Copper(II) sulfate may also be substituted with Copper(II) chloride.

==Uses==
Basic copper carbonate is used to remove thiols and hydrogen sulfide from some gas streams, a process called "sweetening". Like many other copper compounds, it also has been used as an algaecide, wood preservative and similar applications. It is a precursor to various catalysts and copper soaps.
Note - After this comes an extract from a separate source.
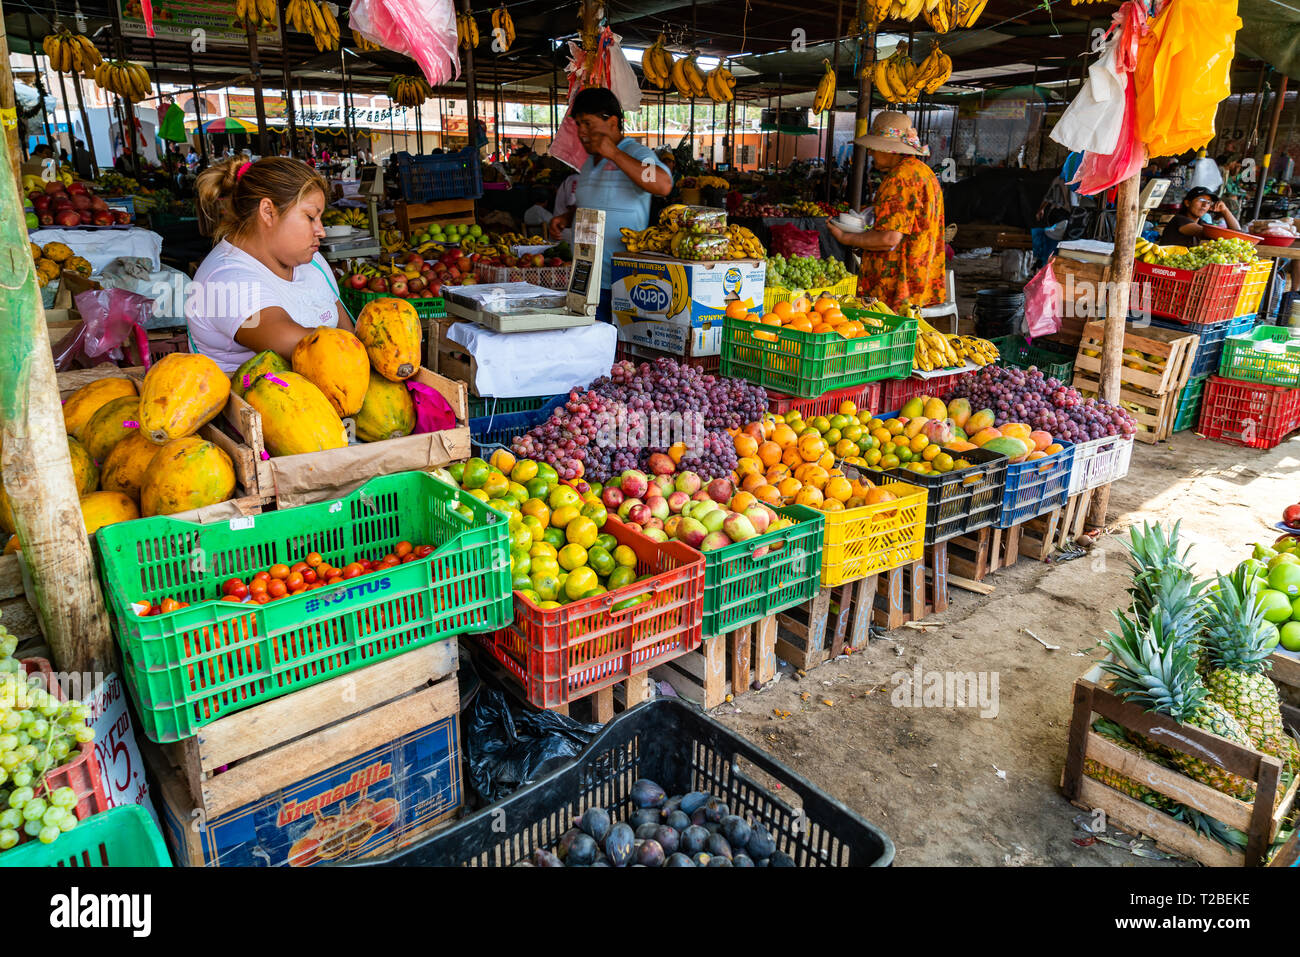 NAZCA, PÉROU - le 25 janvier 2016 : peuple péruvien Vente et achat de fruits dans le marché à Lima, Pérou Banque D'Images

Both malachite and azurite, as well as synthetic basic copper carbonate have been used as pigments. One example of the use of both azurite and its artificial form blue verditer is the portrait of the family of Balthazar Gerbier by Peter Paul Rubens. The green skirt of Deborah Kip is painted in azurite, smalt, blue verditer (artificial form of azurite), yellow ochre, lead-tin-yellow and yellow lake. The green color is achieved by mixing blue and yellow pigments.

== Reactions ==
Basic copper carbonate is decomposed by acids, such as solutions of hydrochloric acid HCl, into the copper(II) salt and carbon dioxide.

In 1794 the French chemist Joseph Louis Proust (1754–1826) thermally decomposed copper carbonate to CO_{2} and CuO, cupric oxide.

The basic copper carbonates, malachite and azurite, both decompose forming H_{2}O, CO_{2}, and CuO, cupric oxide.